Friday, January 5, 2018

Meltdown and Spectre - Considerations for Digital Signage/IoT/Embedded Devices

I've been following the Meltdown and Spectre news since last week since it was just vague mentions on lkml and speculation on twitter.  After receiving some questions, I thought I would provide my take on the impact and practical things to mitigate the issues and plan for the future.

Some information/background on the vulnerabilities:

Basically, these attacks allow someone running code on a system to access protected memory contents by using timing differences and speculative execution features in a lot of modern processors.

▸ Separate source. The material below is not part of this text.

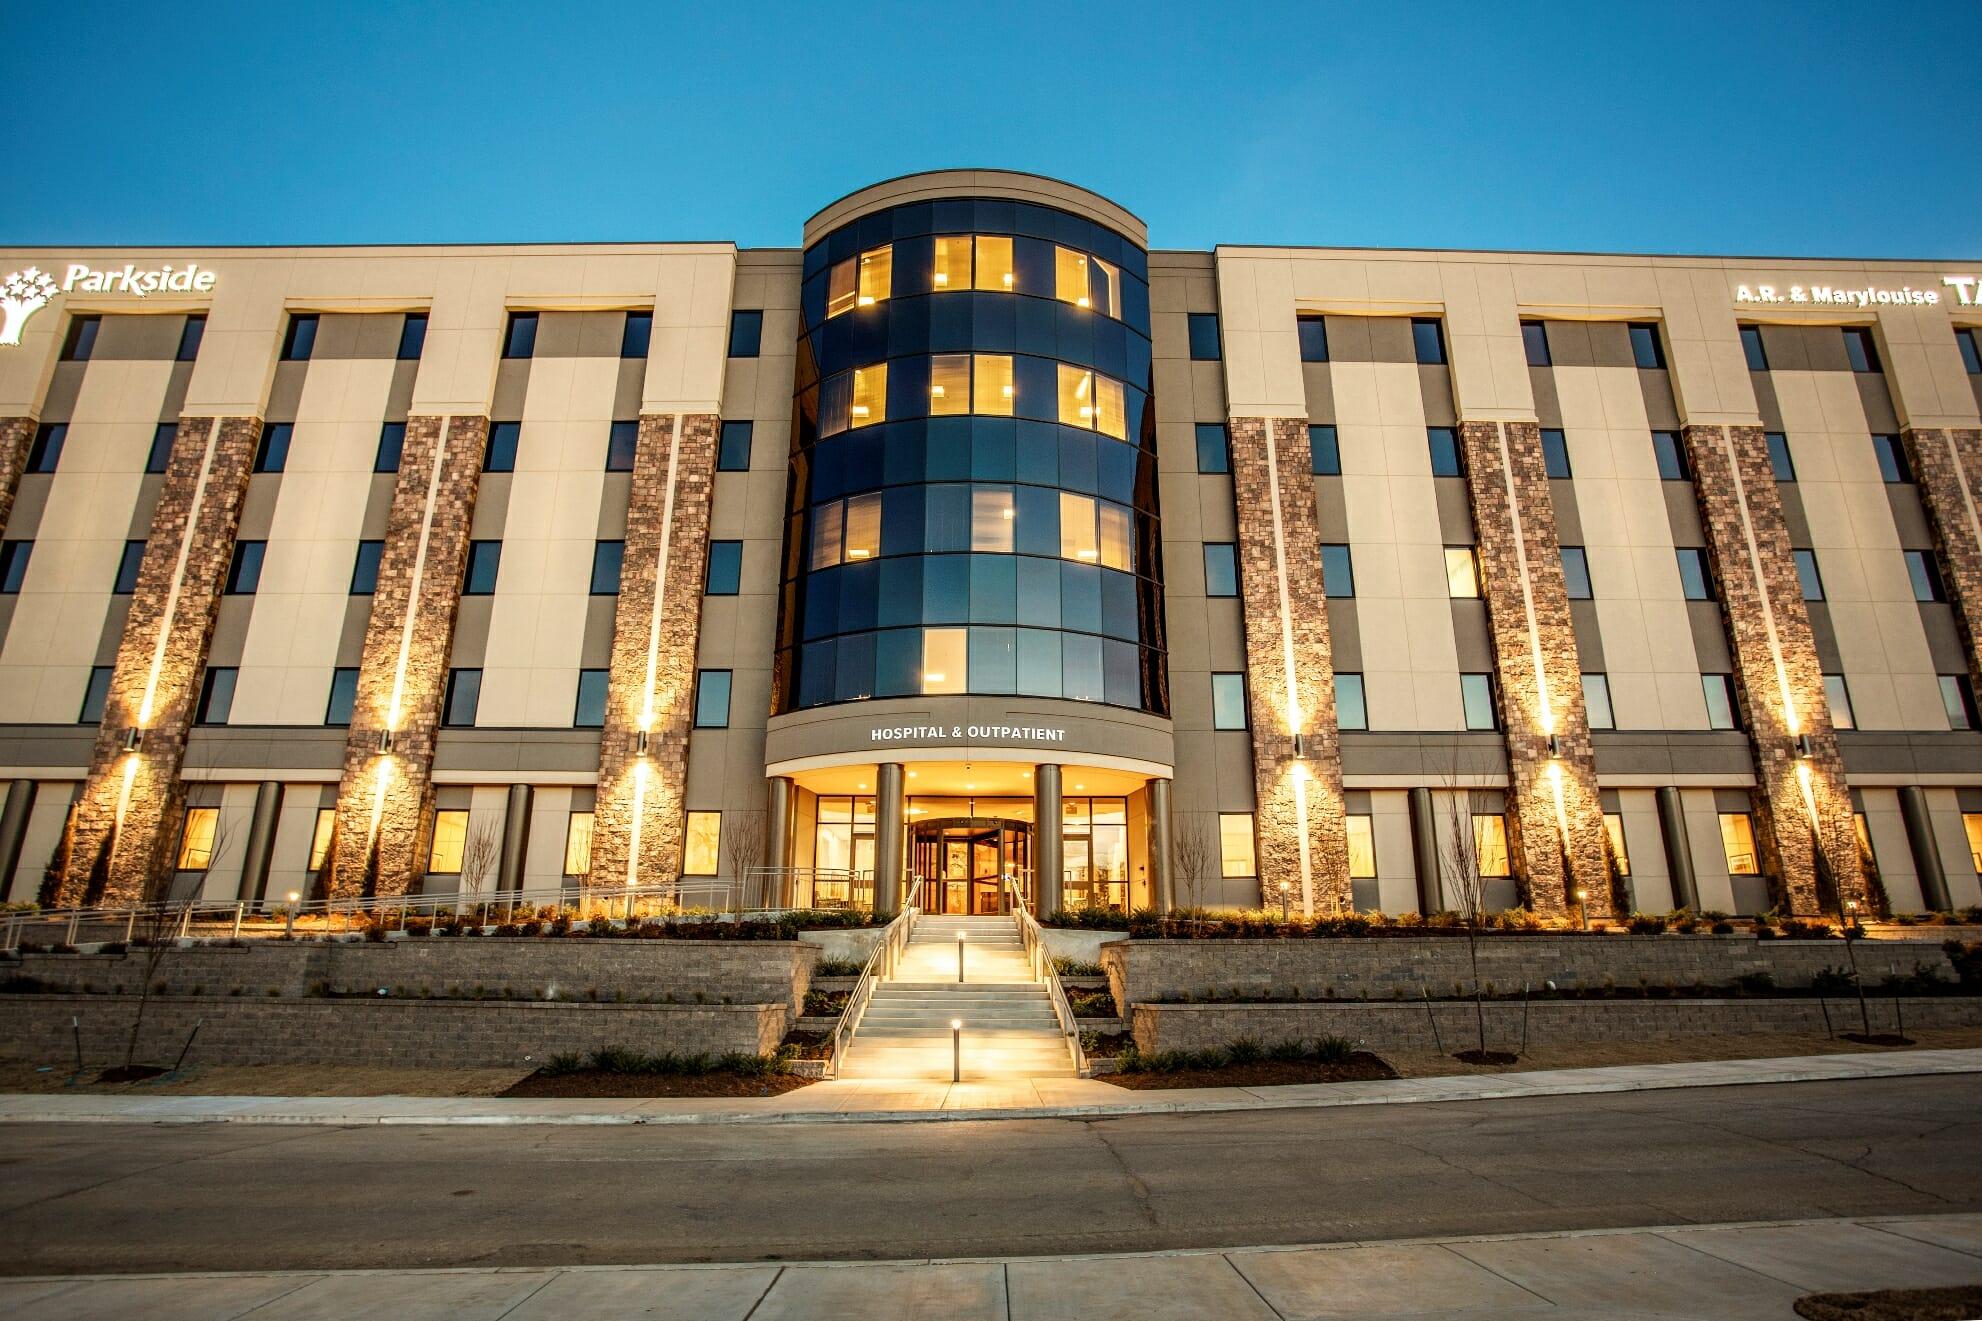 Parkside's future hospital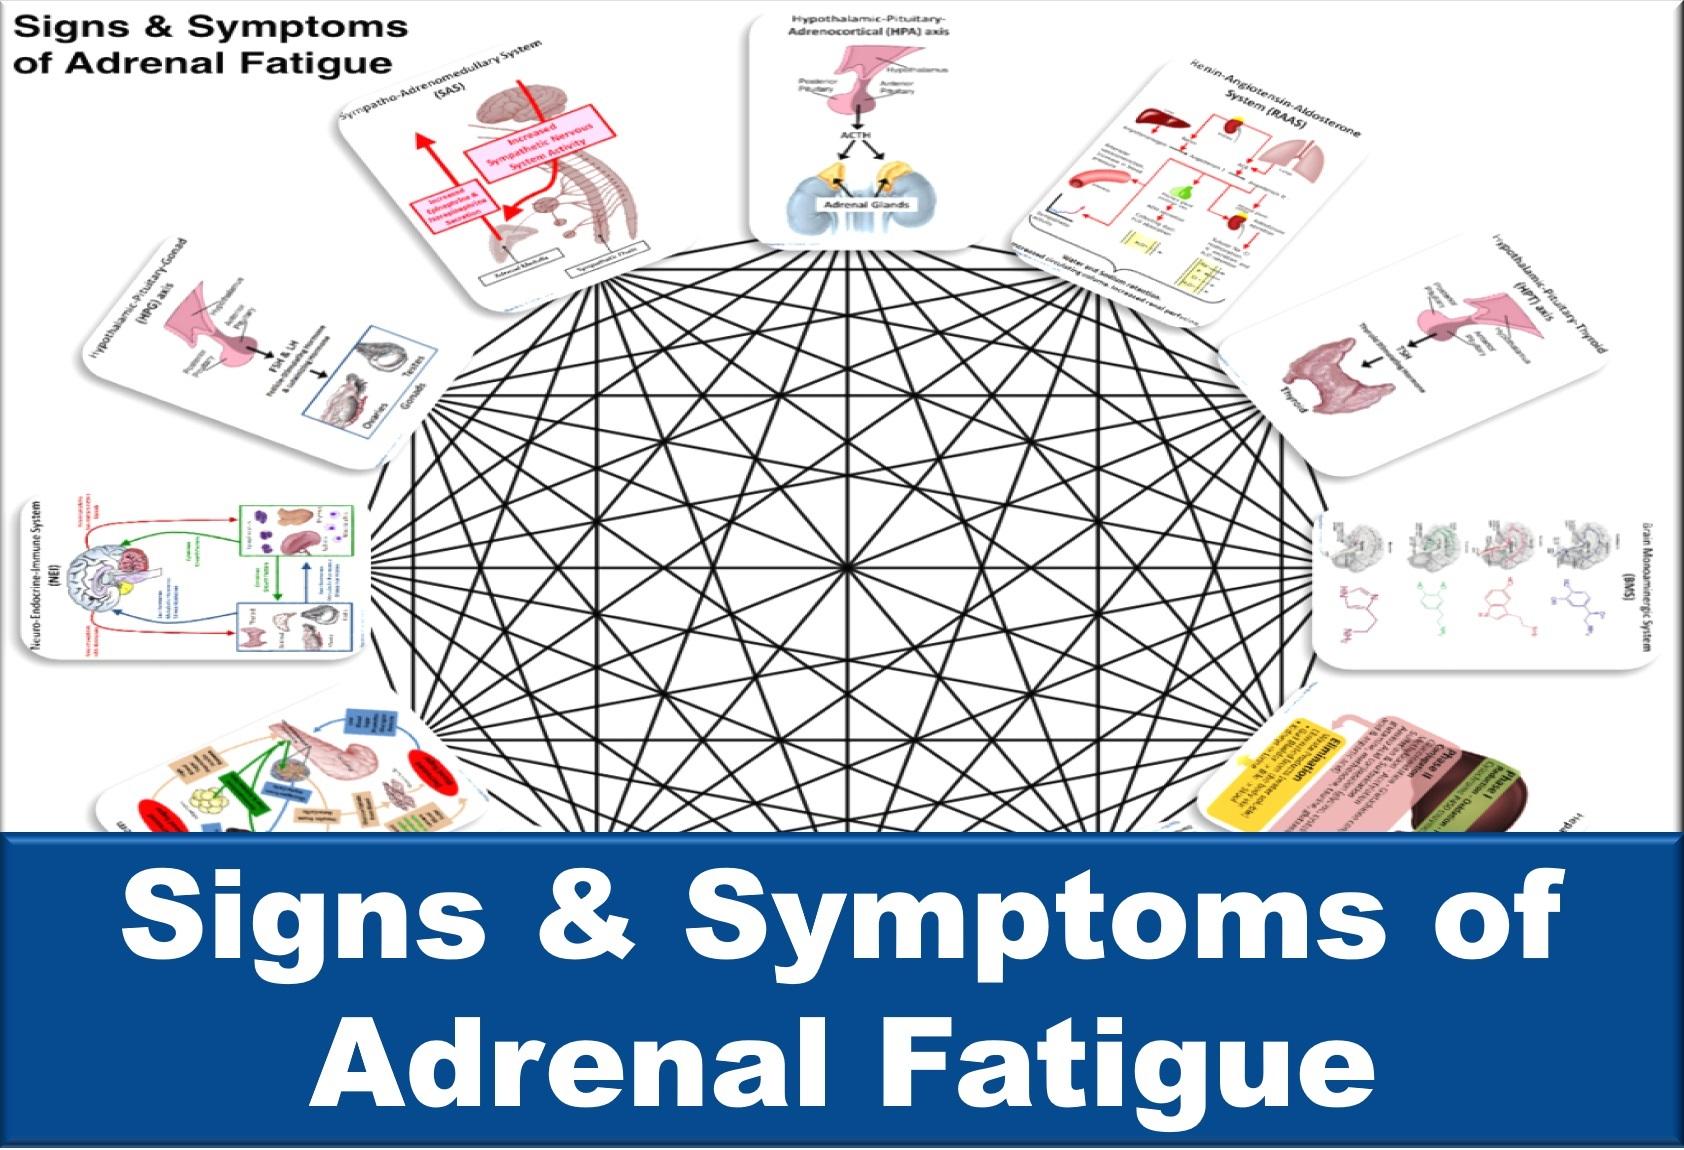 Sign & Symptoms

Digital Signage/IoT/Embedded solutions are somewhat unique in that the application set on on the system is usually well-known and strategically static.  These vulnerabilities require the attacker to be able to run code on your system.  This means the actual risk is low for systems running the majority of content.  The things that change on a solution are typically:

  • Frequent content changes
  • Monthly operating system patches
  • Rare player/CMS updates

Concrete Things To Do

  1. Turn on automatic patches.  The risk of not being patched is far more than the risk of a patch breaking a system.  Chaining remote execution vulnerabilities with local privilege escalation vulnerabilities is a lot harder if you actually patch things.  Do this first.
  2. Examine your systems for things that run untrusted code.  Thankfully most solutions don't let the user navigate to arbitrary web pages or install applications
  3. Look into Application Binary Whitelisting and Write Filters.  These technologies can prevent untrusted code from being run on the system and allow you to revert back to a known good configuration with a reboot.
  4. Have a response plan.  Do you know who does what and how if you need to mitigate a piece of malware on one or more systems?
Some ruckus has been made about performance impacts recently released patches.  Although some workloads can be impacted it is mostly I/O intensive workloads not typically seen in Digital Signage.  It is also very important to not rely on synthetic benchmarks but your actual workload when judging the performance impact- synthetic benchmarks are going to give you an unrealistic picture.

Overall, the best thing to do right now is to communicate a plan to stakeholders and patch.  Ensuring systems are patching automatically now is the best protection against a "weaponized" version of any malware later.